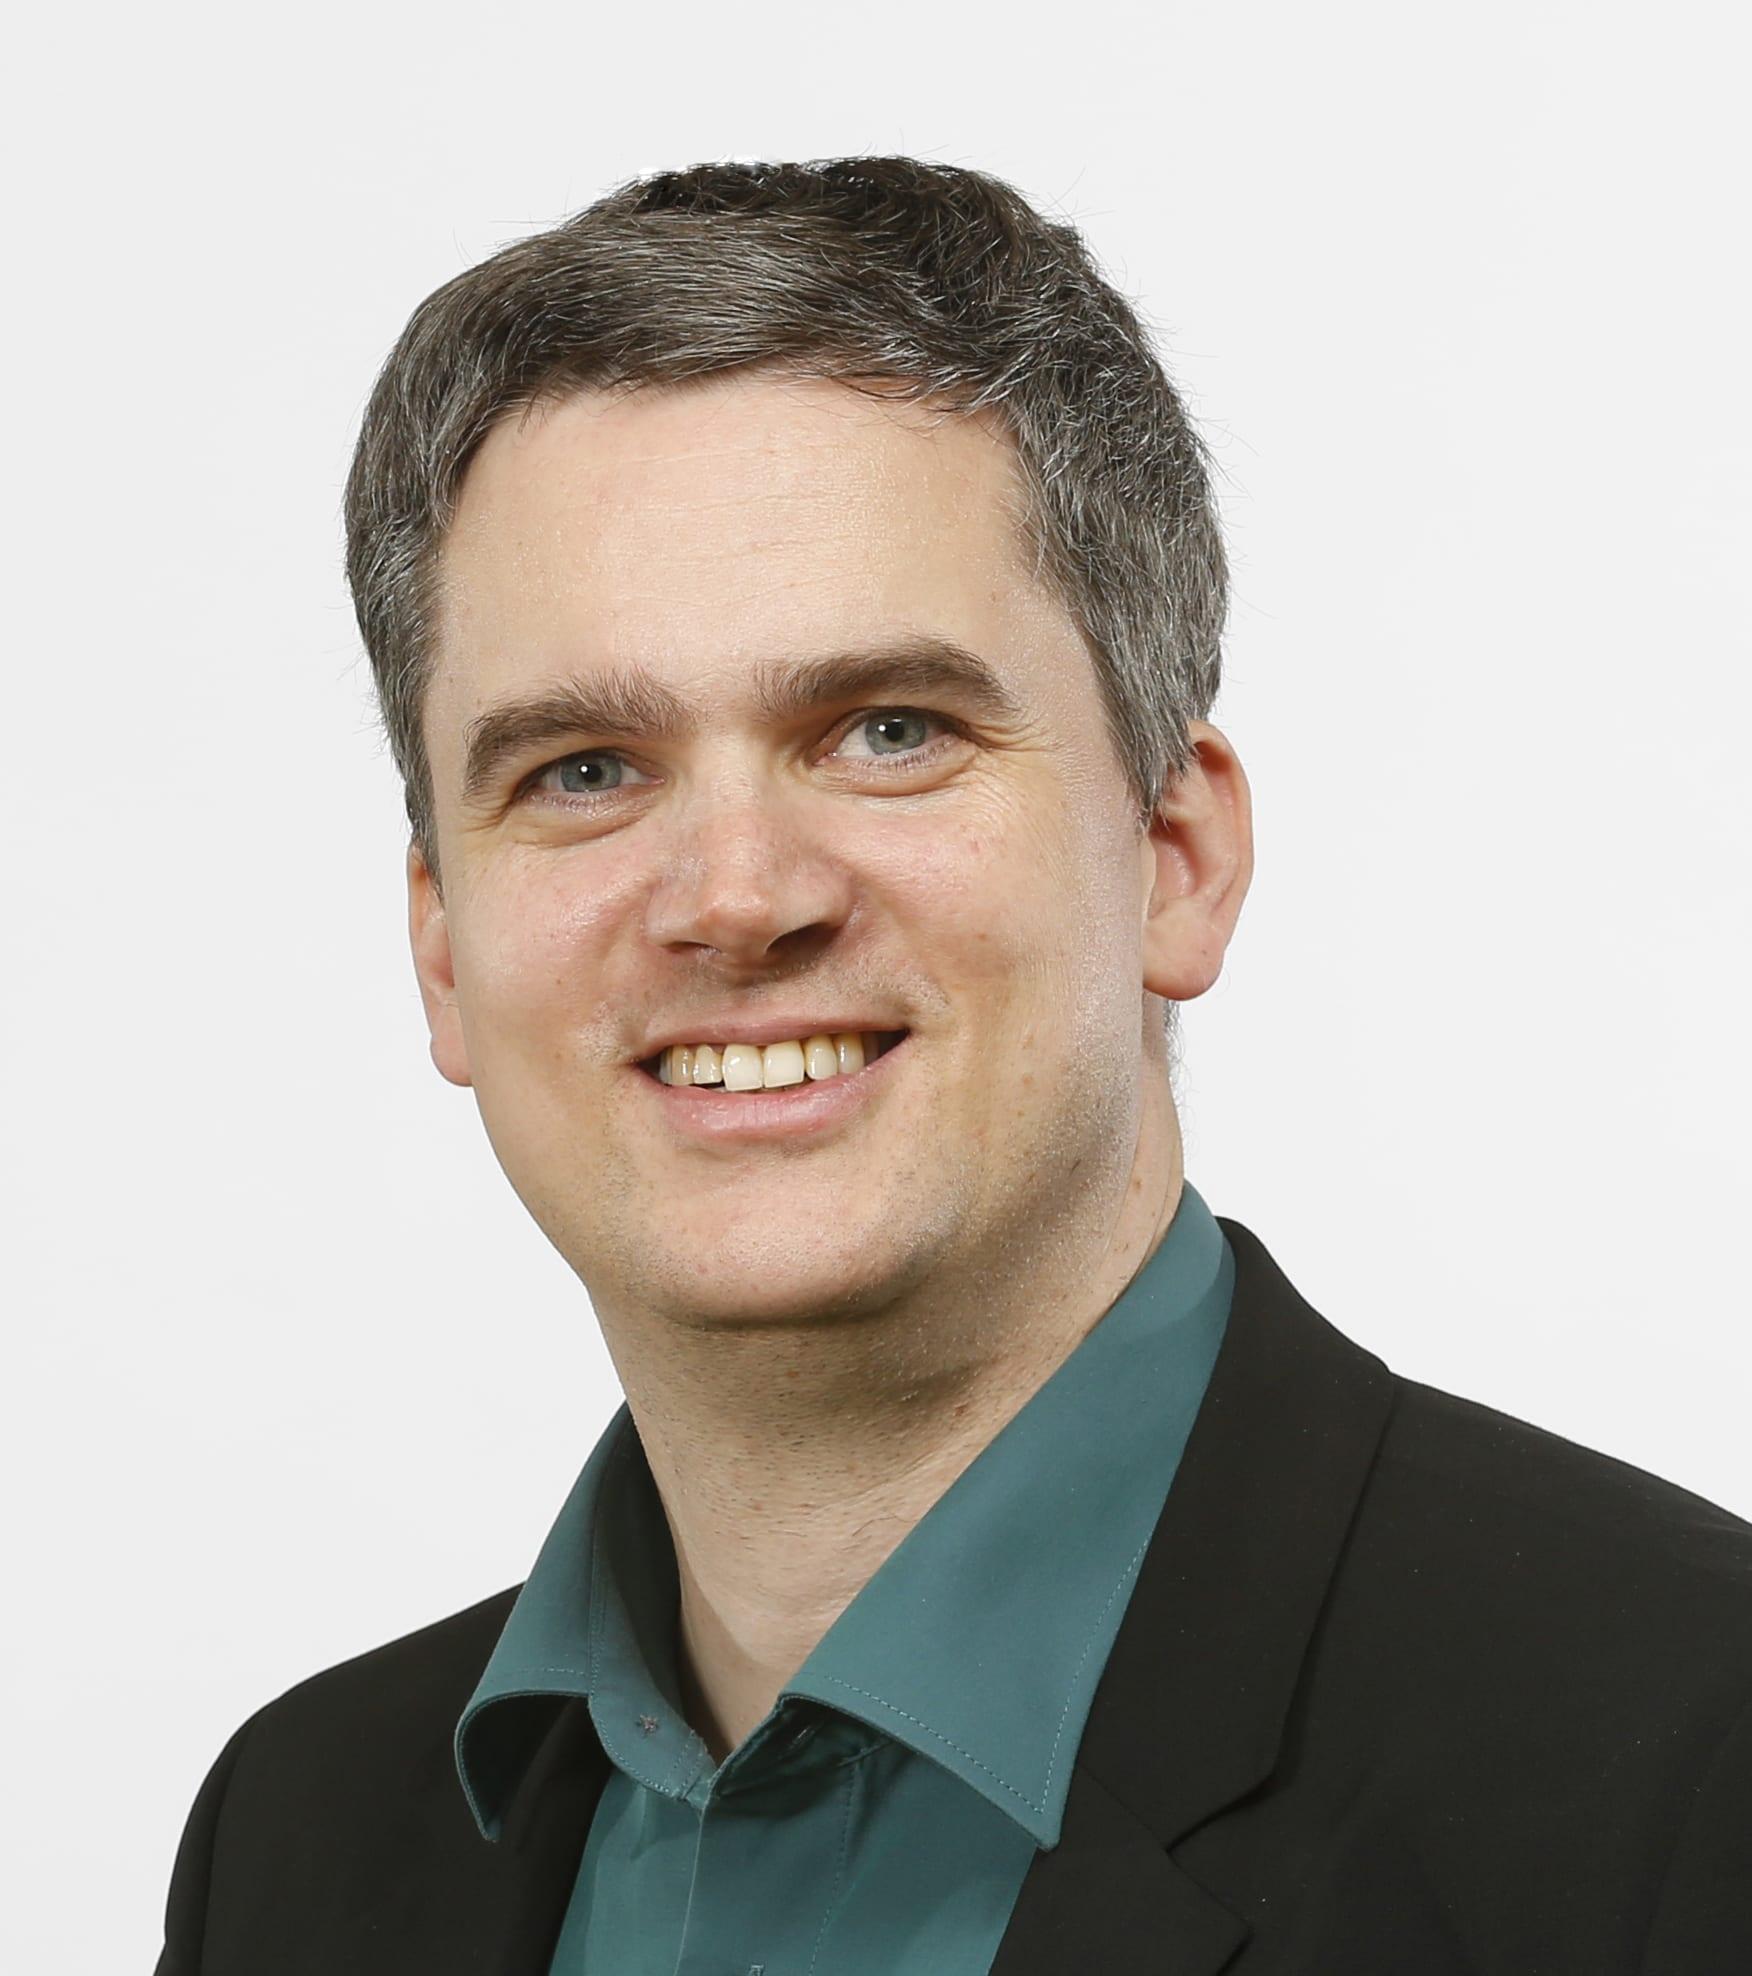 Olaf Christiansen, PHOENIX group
---
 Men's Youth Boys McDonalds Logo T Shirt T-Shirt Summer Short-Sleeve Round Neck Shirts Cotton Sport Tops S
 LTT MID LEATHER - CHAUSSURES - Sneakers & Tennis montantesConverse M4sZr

- **Your objective**
The listing above holds a line with "Men's Youth Boys" and a line with "LTT MID LEATHER". Print the stretch from the first through the second, exactly and alone.

- **Response to this task**
 Men's Youth Boys McDonalds Logo T Shirt T-Shirt Summer Short-Sleeve Round Neck Shirts Cotton Sport Tops S
 LTT MID LEATHER - CHAUSSURES - Sneakers & Tennis montantesConverse M4sZr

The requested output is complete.